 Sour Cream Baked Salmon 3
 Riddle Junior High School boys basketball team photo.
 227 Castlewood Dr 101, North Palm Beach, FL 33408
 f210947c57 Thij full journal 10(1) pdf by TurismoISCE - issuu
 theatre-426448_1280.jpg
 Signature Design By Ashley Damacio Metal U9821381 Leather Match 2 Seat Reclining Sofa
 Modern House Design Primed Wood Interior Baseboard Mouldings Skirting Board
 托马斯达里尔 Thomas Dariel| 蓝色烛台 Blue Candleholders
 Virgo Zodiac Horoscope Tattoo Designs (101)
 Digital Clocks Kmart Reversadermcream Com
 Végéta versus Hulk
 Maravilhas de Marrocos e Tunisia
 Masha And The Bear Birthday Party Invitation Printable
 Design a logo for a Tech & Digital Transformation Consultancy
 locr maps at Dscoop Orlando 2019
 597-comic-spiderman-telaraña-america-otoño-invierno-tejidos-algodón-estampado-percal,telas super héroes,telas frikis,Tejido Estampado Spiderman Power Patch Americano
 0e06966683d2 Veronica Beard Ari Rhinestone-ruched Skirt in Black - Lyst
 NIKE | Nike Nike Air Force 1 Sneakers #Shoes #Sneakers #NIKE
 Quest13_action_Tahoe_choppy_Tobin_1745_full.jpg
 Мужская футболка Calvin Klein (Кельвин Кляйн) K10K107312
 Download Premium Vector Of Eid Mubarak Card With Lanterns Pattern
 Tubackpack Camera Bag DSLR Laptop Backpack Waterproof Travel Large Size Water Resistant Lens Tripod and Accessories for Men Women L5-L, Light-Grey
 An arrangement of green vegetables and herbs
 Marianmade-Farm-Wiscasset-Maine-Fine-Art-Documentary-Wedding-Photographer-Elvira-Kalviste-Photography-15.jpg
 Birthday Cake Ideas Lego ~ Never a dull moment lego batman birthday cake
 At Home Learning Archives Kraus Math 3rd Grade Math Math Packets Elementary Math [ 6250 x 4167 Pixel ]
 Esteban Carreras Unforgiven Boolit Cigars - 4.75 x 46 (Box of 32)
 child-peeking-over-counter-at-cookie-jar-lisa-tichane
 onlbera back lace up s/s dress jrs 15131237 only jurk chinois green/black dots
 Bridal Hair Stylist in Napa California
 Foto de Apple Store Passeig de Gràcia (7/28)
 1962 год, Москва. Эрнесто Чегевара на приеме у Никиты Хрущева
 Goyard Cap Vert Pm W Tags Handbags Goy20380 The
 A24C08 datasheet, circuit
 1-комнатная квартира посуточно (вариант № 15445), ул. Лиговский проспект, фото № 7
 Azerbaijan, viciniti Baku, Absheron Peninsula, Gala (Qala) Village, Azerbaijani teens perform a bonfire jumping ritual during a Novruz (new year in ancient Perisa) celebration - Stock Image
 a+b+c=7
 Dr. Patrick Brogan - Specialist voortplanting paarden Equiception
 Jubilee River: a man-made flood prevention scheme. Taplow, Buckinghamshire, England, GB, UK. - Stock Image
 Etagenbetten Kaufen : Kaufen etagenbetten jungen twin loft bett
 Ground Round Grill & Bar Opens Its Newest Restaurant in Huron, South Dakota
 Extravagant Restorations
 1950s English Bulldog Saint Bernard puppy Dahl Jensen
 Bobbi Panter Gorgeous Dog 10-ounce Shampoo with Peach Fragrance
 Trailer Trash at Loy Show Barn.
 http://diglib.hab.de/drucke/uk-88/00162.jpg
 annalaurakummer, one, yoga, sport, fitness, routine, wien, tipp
#####
> Required work:
For the material above, reproduce exactly the lines from the line with "An arrangement of green vegetables and herbs" to the line with "Ground Round Grill", inclusive, and exclude all others.

> Task result:
 An arrangement of green vegetables and herbs
 Marianmade-Farm-Wiscasset-Maine-Fine-Art-Documentary-Wedding-Photographer-Elvira-Kalviste-Photography-15.jpg
 Birthday Cake Ideas Lego ~ Never a dull moment lego batman birthday cake
 At Home Learning Archives Kraus Math 3rd Grade Math Math Packets Elementary Math [ 6250 x 4167 Pixel ]
 Esteban Carreras Unforgiven Boolit Cigars - 4.75 x 46 (Box of 32)
 child-peeking-over-counter-at-cookie-jar-lisa-tichane
 onlbera back lace up s/s dress jrs 15131237 only jurk chinois green/black dots
 Bridal Hair Stylist in Napa California
 Foto de Apple Store Passeig de Gràcia (7/28)
 1962 год, Москва. Эрнесто Чегевара на приеме у Никиты Хрущева
 Goyard Cap Vert Pm W Tags Handbags Goy20380 The
 A24C08 datasheet, circuit
 1-комнатная квартира посуточно (вариант № 15445), ул. Лиговский проспект, фото № 7
 Azerbaijan, viciniti Baku, Absheron Peninsula, Gala (Qala) Village, Azerbaijani teens perform a bonfire jumping ritual during a Novruz (new year in ancient Perisa) celebration - Stock Image
 a+b+c=7
 Dr. Patrick Brogan - Specialist voortplanting paarden Equiception
 Jubilee River: a man-made flood prevention scheme. Taplow, Buckinghamshire, England, GB, UK. - Stock Image
 Etagenbetten Kaufen : Kaufen etagenbetten jungen twin loft bett
 Ground Round Grill & Bar Opens Its Newest Restaurant in Huron, South Dakota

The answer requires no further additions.